Spam filtering based on latent semantic indexing

W. Gansterer,A. Janecek, R. Neumayer:
"Spam filtering based on latent semantic indexing";
Vortrag: 2007 SIAM Conference on Data Mining, Minneapolis, MN, USA; 28.04.2007; in:"2007 SIAM Conference on Data Mining Workshop and Tutorial Proceedings", (2007), 9 S.

[ Publication Database ]


In this paper, a study on the classification performance of a vector space model (VSM) and of latent semantic indexing (LSI) applied to the task of spamfiltering is summarized. Based on a feature set used in the extremely widespread, de-facto standard spamfiltering system SpamAssassin, a vector space model and latent semantic indexing are applied for classifying e-mail messages as spam or not spam. The test data sets used are partly from the official TREC 2005 data set and partly self collected. The investigation of LSI for spamfiltering summarized here evaluates the relationship between two central aspects: (i) the truncation of the SVD in LSI and (ii) the resulting classification performance in this specific application context.
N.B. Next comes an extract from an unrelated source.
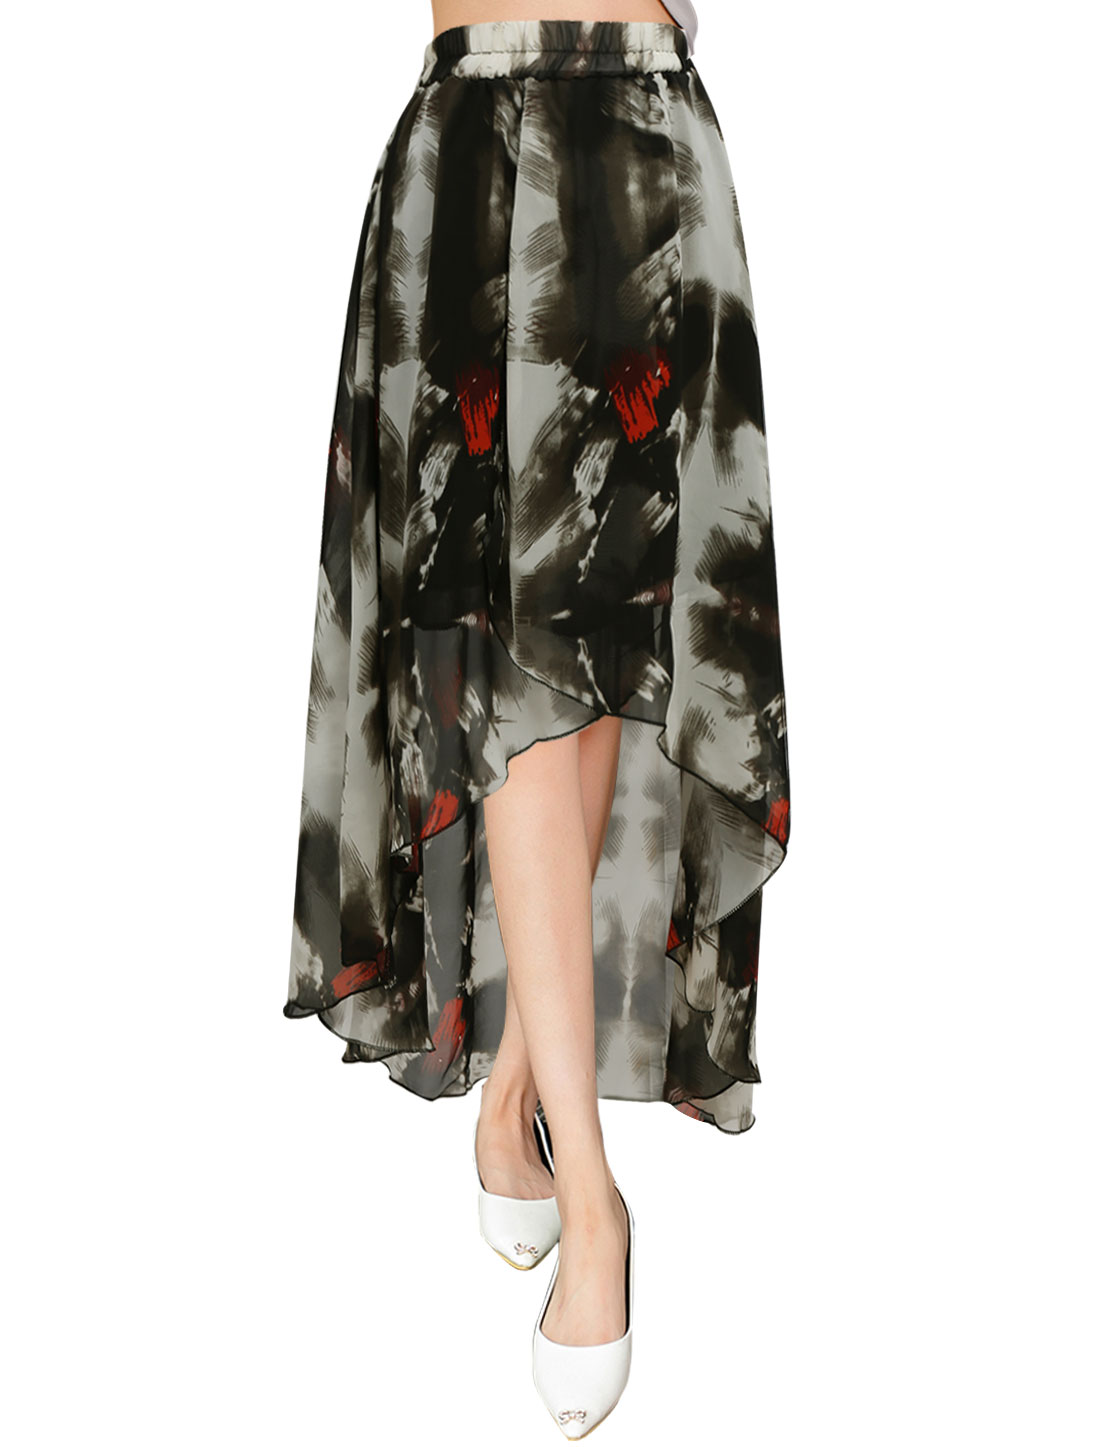 Ladies High Waist Asymmetrical Trim Novelty Prints Dress Black XS

It is shown that a surprisingly large amount of truncation is often possible without heavy loss in classification performance. This forms the basis for good and extremely fast approximate (pre-) classification strategies, which are very useful in practice. The approaches investigated in this paper are shown to compare favorably to two important alternatives: (i) They achieve better classification results than SpamAssassin, and (ii) they are better and more robust than a related LSI-based approach using textual features which has been proposed earlier.